In August 2025, we announced our sponsorship of the Open Source Initiative and launched Block’s Open Source Public Policy Lab. We set out five principles we believed should guide policy thinking on open source and we promised to back them with substance.

Today, we’re releasing Open Source as Critical Infrastructure, a white paper developed with input from our partner, the Open Source Initiative.

Open source: Block’s past and future

Block’s business has an open source heritage. From foundational infrastructure to the libraries and frameworks used daily in products across the world, software depends on decades of collaborative, open source, development. We’re not unusual in this. An estimated 96% of commercial codebases contain open source elements.

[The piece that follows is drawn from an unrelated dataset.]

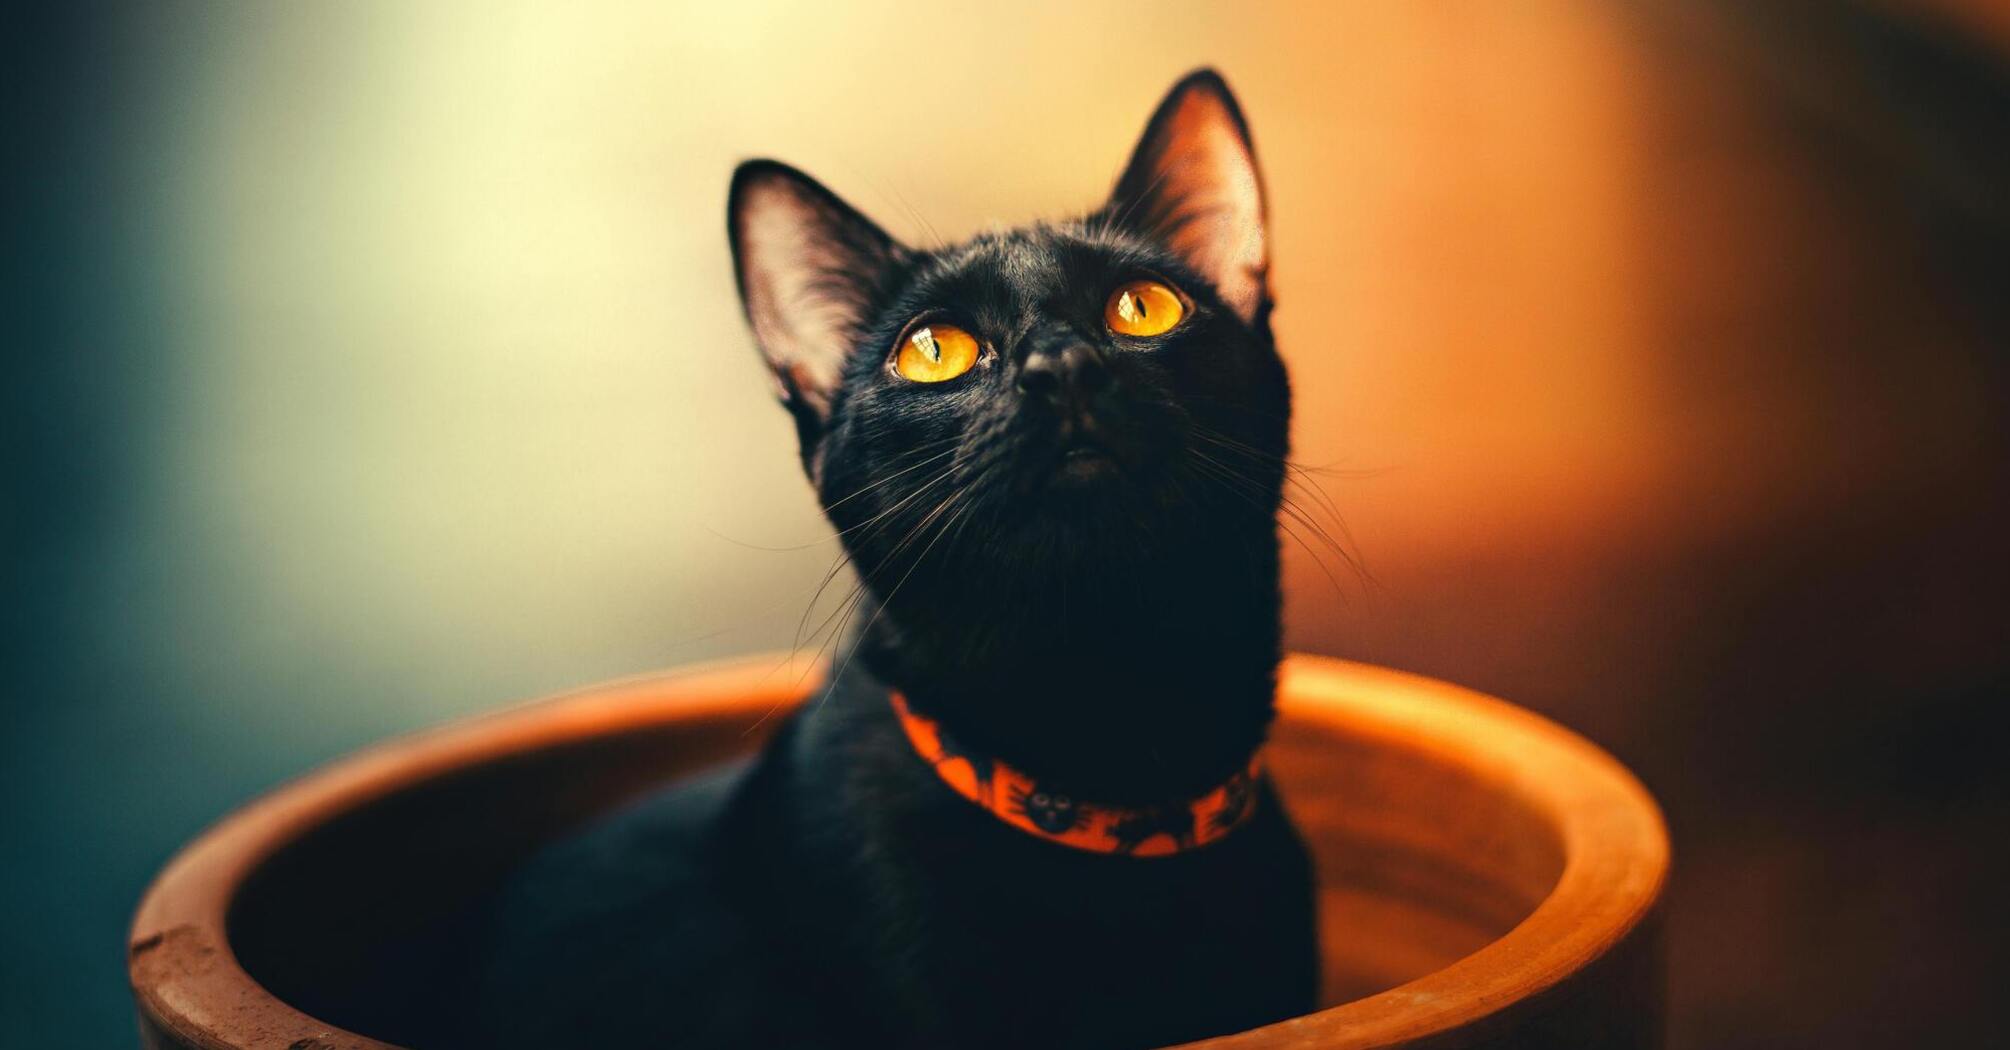 The significance of the black cat

Over time, we’ve given back. OkHttp, our HTTP client for Java and Kotlin, is now the default on Android devices. Bitkey, our self-custody bitcoin wallet’s software, is released under a permissive MIT licence, which allows free use and adaptation. In December 2025, we contributed Goose, our agentic AI framework, to the newly formed Agentic AI Foundation under the Linux Foundation, alongside our founding partners Anthropic and OpenAI. Beyond software, we’re pursuing OpenIP, an evolution in our approach to intellectual property rights informed by open source principles.

Overcoming the tragedy of the commons

Harvard research estimates open source generates US$8.8 trillion in value annually, against supply-side costs of around $4.15 billion. The same study estimates that just 5% of developers create 96% of that value, most without compensation or institutional support. Everyone benefits, but without coordinated protection, the resource depletes through developer burnout, emergent security vulnerabilities, and project abandonment.

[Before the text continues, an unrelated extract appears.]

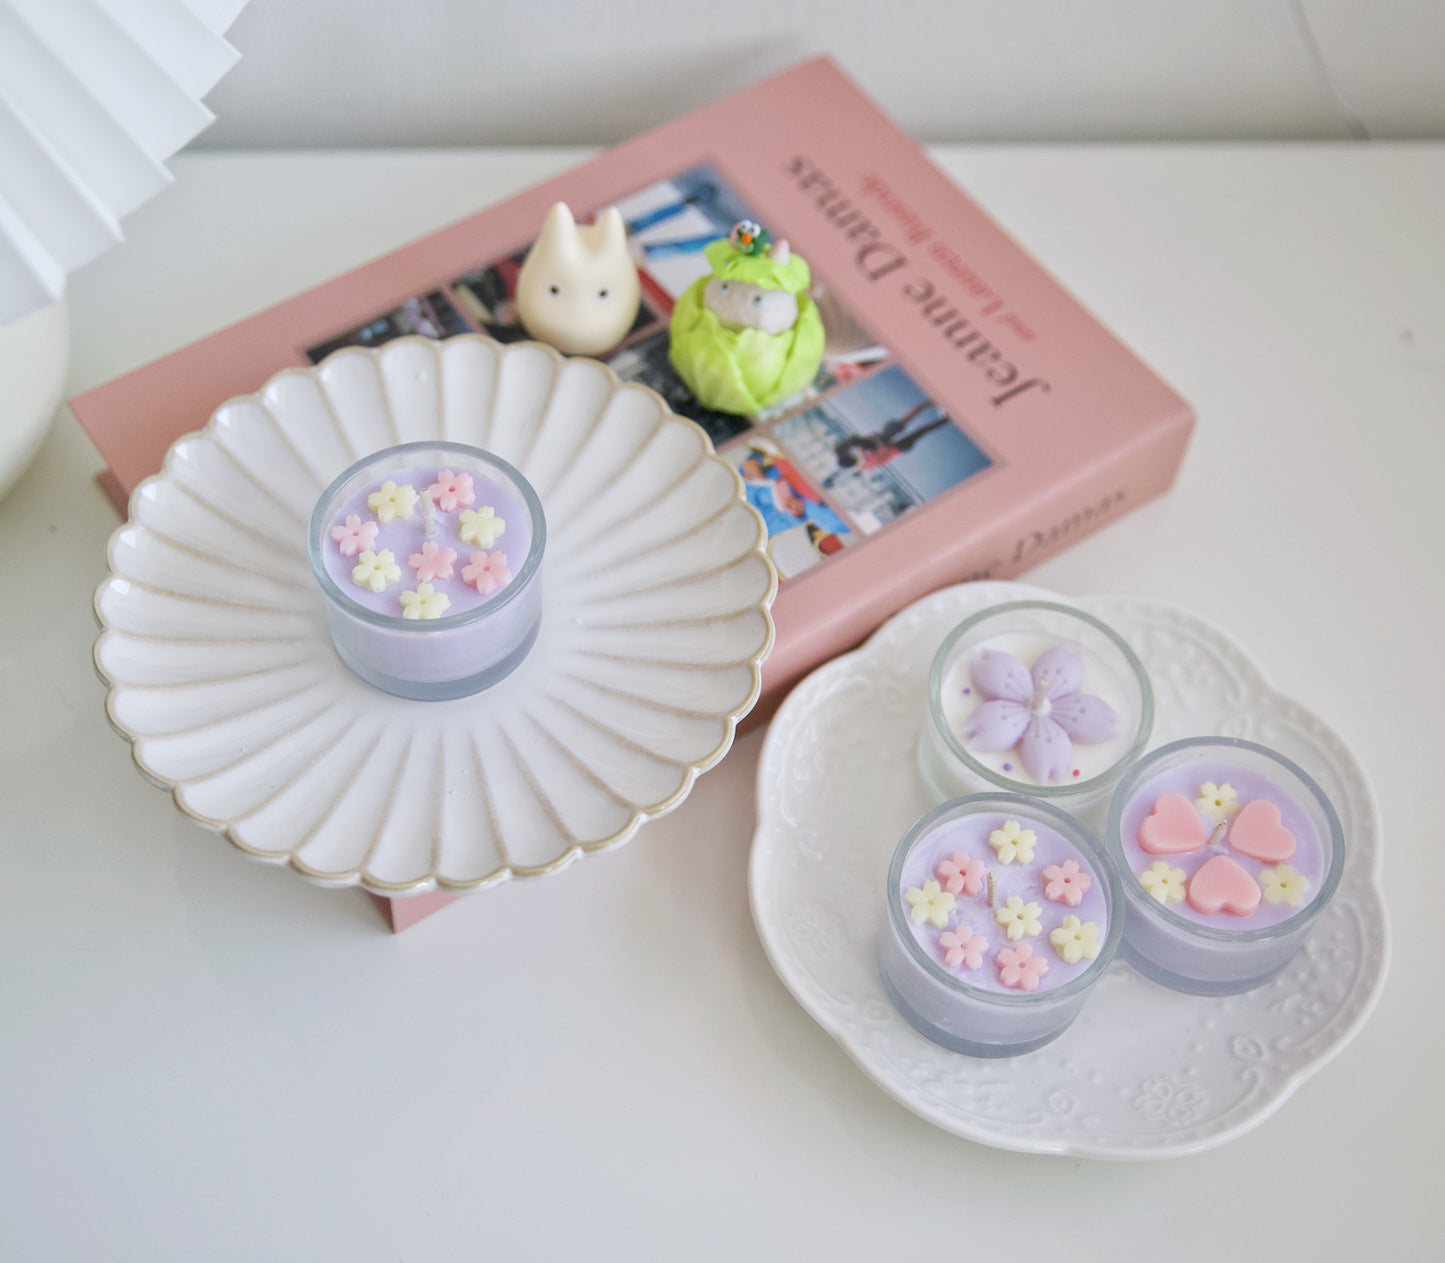 Handmade Tealight Pastel Flower Candle - Unscented Decorative Candle - Vegan Soywax

In reflecting on the state of technology, competition and progress, we landed on the idea that open source is critical infrastructure. It powers the tools we use every day and serves as the backbone of the internet. Despite its pivotal role, it remains undervalued in policy circles, poorly understood by regulators, and underfunded compared to the public investment we give things like roads, utilities, and research. The paper makes the case for treating open source as the public good it is.

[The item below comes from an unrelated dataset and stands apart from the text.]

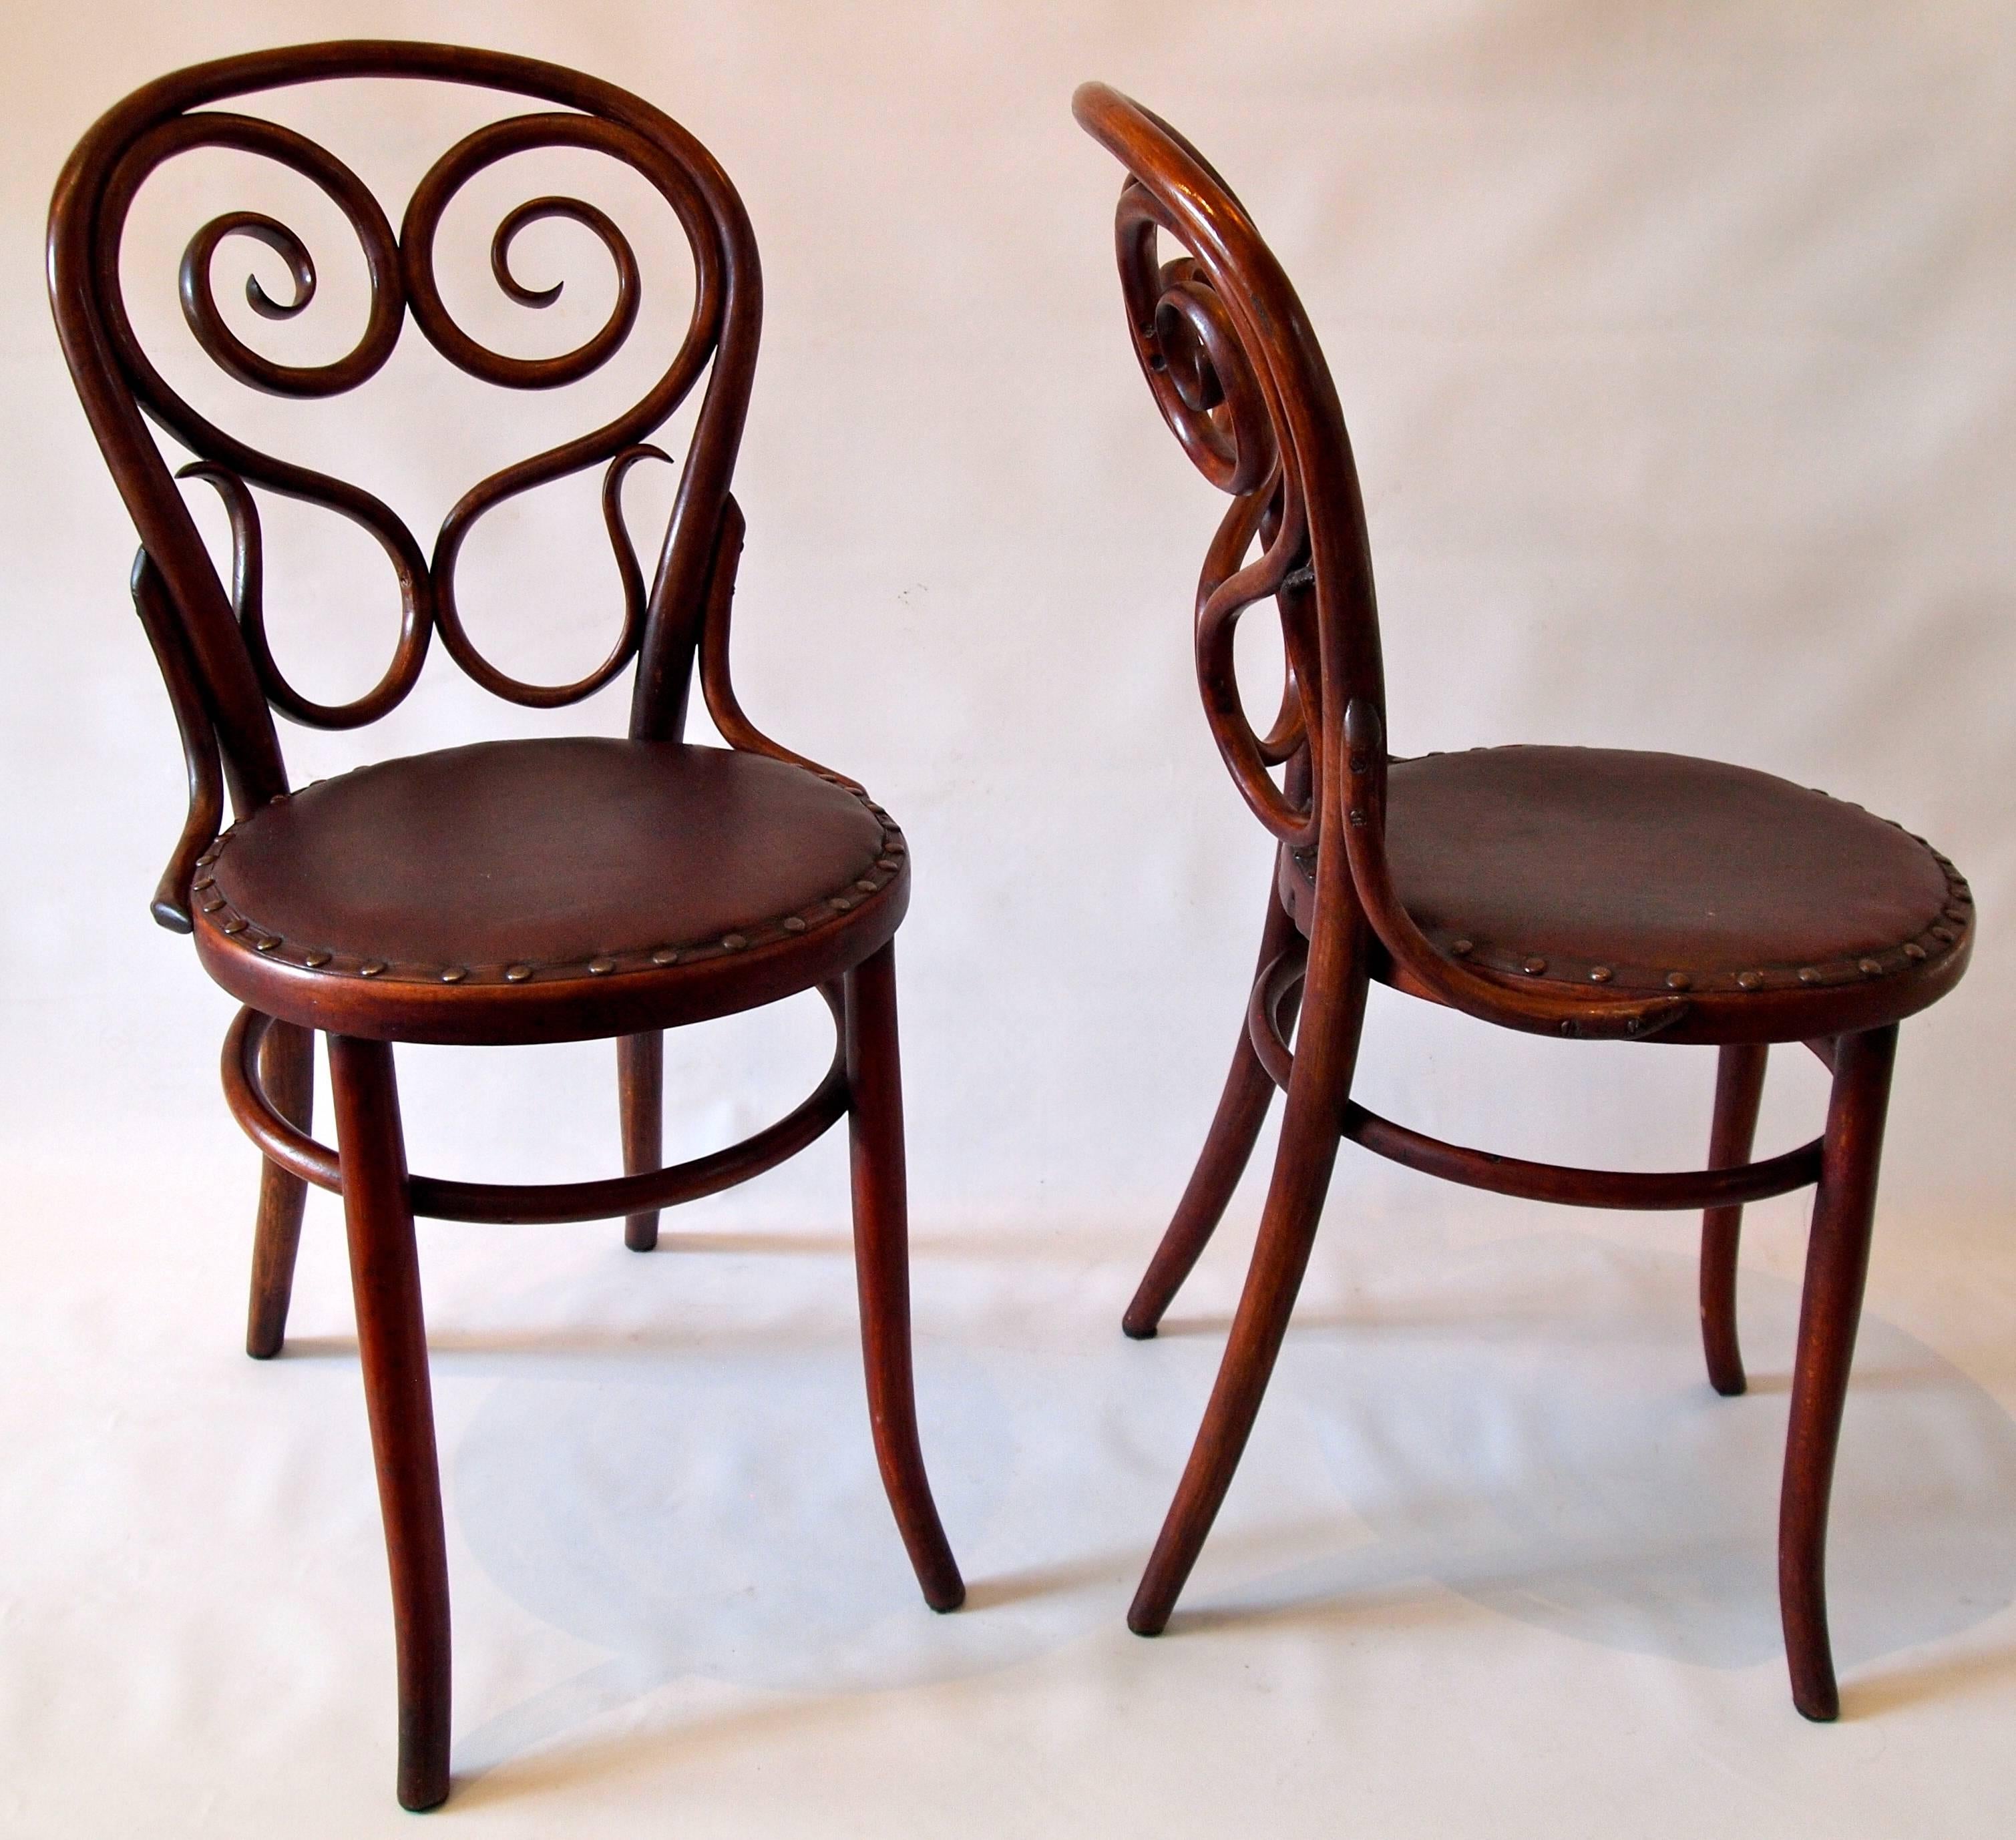 Wonderful set of four bentwood side chairs by Thonet with original upholstered seats,
circa 1900
Vienna.

Some governments have started to act. Germany’s Sovereign Tech Fund has invested €23.5 million in over 60 open source projects since 2022. The EU’s Cyber Resilience Act exempts non-commercial open source from compliance burdens while establishing voluntary security attestation programs. These are promising signals but remain exceptions.

Block’s policy proposals

The paper presents a set of targeted policy proposals for governments and regulators seeking to advance responsible adoption while protecting open source communities:

1. Public good investment: Sustainable funding, liability protections for maintainers, and security audits for critical open source projects.
2. Standing advisory groups to give policymakers direct access to technical expertise, modelled on precedents the European Commission has used successfully.
3. International coordination through bodies like the Financial Stability Board, IOSCO, and the BIS for proportionate, risk-based supervision across jurisdictions.
4. Sandbox testing of the kind the UK’s FCA has pioneered, allowing regulators to learn how potential rules might affect open source communities before they’re finalised.
5. Regulatory clarity for non-custodial developers who never hold customer funds.
6. Procurement reform so open source solutions can compete fairly in government tenders, reducing vendor lock-in.

An invitation

This white paper is a starting point. If you’re a policymaker, regulator, developer, or advocate with a stake in the future of open source, we want to hear from you. Get in touch at opensource@block.xyz.

Open source is a civic resource and a public good. It already powers the digital world. Let’s make sure it’s treated like one.